Further, since the book of Acts cuts off suddenly in A.D. 60, and since the Gospel of Luke was written before Acts, we have reason to think that Luke dates to no later than A.D. 59 (just 26 years after the crucifixion), and perhaps even earlier.
13) What about his claim that the Romans reserved crucifixion for sedition?
It is not true that crucifixion was “reserved almost exclusively for the crime of sedition”—particularly if by “sedition” you mean political rebellion:
The Romans used crucifixion to bring mutinous troops under control, to break the will of conquered peoples, and to wear down rebellious cities under siege.

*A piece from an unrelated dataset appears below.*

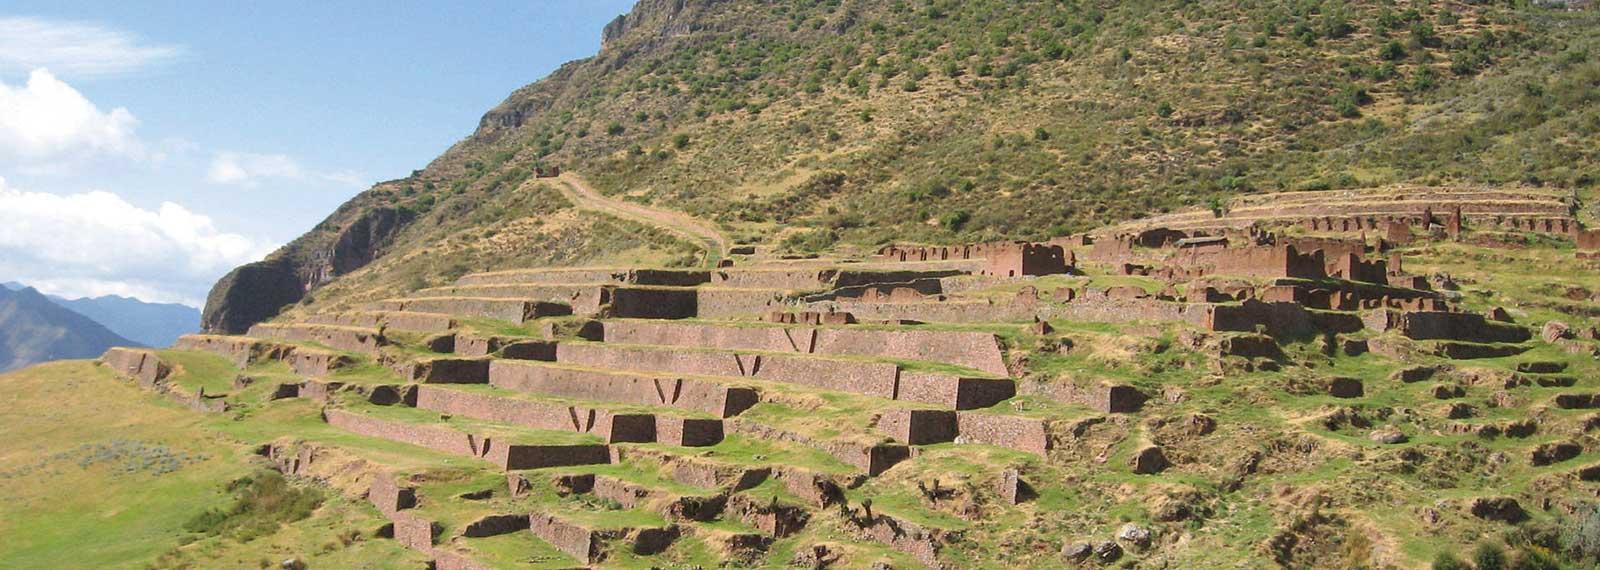 Huchuy Qosqo Trek in the sacred valley

Dangerous and violent robbers could be crucified—often near or at the scene of their crimes. Quintilian (ca. 35–95 a.d.) approved of crucifixion as a penalty for such criminals, and thought that this form of execution had a better deterrent effect when the crosses were set up along the busiest roads. . . .
The Romans used crucifixion above all as the servile supplicium (“the slaves’ punishment”), a terrible form of execution typically inflicted on slaves [Yale Anchor Bible Dictionary, s.v. “Crucifixion”].
14) What is the most fundamental problem with the book?
The most fundamental problem is that Aslan’s central thesis can only be supported by cherry-picking the data—that is, accepting some of it and rejecting everything that doesn’t fit.
This is an unreliable and unscholarly method, because if you can jettison anything that doesn’t fit your theory then you can prove anything you want to.
With all the problems that beset Aslan’s imaginative reconstruction of Jesus, there is simply no reason to take Zealot as anything like a reliable account of his life.
Certainly not compared to those offered in the gospels.